### Task instructions
Say how many lines in the records contain the string "para". Nothing but the number should be given.

● ● ● ●

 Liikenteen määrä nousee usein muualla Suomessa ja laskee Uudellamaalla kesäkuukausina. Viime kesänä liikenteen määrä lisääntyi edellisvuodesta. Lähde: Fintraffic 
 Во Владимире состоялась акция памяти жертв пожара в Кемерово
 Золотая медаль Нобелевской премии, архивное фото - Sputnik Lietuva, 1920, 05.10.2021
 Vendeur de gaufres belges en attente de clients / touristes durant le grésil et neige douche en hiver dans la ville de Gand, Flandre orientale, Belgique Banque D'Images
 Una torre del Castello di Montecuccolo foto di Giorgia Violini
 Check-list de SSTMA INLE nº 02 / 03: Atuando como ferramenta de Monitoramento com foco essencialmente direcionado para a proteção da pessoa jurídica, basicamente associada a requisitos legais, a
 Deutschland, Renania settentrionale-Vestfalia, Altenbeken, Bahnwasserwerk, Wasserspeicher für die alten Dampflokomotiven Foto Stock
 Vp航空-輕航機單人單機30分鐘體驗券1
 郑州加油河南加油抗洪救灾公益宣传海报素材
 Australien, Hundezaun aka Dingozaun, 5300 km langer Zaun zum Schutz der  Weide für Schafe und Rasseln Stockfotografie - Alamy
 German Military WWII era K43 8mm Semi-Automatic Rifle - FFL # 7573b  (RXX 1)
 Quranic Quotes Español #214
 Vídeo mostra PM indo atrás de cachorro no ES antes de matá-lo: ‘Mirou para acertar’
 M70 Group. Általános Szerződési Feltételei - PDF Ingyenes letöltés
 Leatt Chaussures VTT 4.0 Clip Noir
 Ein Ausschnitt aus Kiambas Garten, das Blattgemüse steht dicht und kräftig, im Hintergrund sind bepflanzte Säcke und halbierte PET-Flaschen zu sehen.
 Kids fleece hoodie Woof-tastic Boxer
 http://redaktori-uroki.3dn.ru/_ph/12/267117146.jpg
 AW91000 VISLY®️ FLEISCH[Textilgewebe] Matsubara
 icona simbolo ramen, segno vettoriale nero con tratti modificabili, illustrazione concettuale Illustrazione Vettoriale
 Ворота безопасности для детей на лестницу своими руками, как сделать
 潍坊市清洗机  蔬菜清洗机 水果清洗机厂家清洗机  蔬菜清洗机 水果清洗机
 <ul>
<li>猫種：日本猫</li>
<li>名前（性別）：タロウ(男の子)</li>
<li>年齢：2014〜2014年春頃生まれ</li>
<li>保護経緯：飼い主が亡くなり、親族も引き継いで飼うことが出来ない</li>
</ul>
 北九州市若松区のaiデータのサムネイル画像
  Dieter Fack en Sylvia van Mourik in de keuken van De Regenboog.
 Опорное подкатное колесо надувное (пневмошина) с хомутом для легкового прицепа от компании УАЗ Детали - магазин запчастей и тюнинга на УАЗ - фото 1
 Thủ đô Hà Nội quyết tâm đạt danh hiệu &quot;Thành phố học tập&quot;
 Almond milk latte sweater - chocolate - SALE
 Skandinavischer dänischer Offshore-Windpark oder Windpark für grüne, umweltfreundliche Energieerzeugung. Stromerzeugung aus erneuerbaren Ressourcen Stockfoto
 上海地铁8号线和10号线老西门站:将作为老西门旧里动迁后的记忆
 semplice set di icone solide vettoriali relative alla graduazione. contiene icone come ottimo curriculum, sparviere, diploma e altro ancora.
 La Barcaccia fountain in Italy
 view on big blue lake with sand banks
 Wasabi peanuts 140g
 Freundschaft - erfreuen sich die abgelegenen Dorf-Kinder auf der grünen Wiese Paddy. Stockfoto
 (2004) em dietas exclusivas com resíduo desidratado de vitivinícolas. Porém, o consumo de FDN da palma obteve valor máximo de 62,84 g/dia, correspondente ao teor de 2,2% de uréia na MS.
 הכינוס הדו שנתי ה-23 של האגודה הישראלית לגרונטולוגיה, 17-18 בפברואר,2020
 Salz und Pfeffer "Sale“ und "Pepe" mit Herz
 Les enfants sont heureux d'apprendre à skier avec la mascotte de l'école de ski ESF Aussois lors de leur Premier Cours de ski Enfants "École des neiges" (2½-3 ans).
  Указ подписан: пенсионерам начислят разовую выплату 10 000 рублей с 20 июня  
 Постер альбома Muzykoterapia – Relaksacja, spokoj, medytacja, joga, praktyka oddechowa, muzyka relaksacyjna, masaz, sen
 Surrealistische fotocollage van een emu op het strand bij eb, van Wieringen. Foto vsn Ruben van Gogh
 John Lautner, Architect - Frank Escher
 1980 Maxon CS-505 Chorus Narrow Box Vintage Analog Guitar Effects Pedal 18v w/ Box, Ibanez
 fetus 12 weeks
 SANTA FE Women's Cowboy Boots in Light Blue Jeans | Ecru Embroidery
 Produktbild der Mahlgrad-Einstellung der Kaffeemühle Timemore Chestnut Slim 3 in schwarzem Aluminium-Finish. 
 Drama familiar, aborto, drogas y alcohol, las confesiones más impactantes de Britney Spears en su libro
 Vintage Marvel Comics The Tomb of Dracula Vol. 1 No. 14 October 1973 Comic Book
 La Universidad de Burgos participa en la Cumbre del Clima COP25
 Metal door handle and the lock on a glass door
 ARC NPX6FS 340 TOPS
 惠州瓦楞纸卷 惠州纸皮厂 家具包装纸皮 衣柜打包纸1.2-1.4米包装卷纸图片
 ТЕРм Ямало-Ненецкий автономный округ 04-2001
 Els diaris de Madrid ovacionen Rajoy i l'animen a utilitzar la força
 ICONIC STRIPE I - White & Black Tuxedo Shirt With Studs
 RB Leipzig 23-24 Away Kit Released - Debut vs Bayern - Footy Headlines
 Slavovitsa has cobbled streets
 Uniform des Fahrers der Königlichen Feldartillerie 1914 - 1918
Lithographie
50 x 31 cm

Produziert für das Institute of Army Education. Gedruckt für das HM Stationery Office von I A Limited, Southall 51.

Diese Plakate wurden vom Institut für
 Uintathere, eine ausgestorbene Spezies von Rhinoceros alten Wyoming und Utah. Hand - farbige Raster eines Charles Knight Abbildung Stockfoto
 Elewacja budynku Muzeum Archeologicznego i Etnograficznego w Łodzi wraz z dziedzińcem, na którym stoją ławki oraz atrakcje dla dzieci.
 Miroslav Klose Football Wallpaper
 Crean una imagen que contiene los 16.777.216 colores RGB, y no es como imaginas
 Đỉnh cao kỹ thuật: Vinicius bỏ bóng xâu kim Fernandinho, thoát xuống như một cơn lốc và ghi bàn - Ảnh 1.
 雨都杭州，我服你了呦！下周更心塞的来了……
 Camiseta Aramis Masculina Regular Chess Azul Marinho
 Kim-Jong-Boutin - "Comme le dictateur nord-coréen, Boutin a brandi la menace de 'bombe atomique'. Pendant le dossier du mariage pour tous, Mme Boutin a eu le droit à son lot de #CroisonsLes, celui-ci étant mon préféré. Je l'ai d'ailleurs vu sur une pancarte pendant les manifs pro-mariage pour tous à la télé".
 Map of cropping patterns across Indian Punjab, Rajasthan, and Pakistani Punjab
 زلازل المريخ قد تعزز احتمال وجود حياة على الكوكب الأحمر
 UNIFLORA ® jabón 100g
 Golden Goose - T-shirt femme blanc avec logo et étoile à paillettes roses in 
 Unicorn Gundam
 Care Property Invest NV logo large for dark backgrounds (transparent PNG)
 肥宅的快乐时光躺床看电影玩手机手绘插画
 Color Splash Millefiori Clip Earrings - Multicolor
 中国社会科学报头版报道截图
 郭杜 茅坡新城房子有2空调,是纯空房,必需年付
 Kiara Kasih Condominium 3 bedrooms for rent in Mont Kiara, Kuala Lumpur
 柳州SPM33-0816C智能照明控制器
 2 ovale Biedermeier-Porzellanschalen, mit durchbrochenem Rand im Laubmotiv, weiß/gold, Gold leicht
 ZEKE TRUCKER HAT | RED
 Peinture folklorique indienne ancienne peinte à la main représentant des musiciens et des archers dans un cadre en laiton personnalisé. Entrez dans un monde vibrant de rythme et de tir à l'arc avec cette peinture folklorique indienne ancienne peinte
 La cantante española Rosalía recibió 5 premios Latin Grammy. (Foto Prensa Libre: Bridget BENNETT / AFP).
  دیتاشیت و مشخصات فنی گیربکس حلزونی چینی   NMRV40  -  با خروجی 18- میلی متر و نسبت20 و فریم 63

● ● ● ●

### Response
2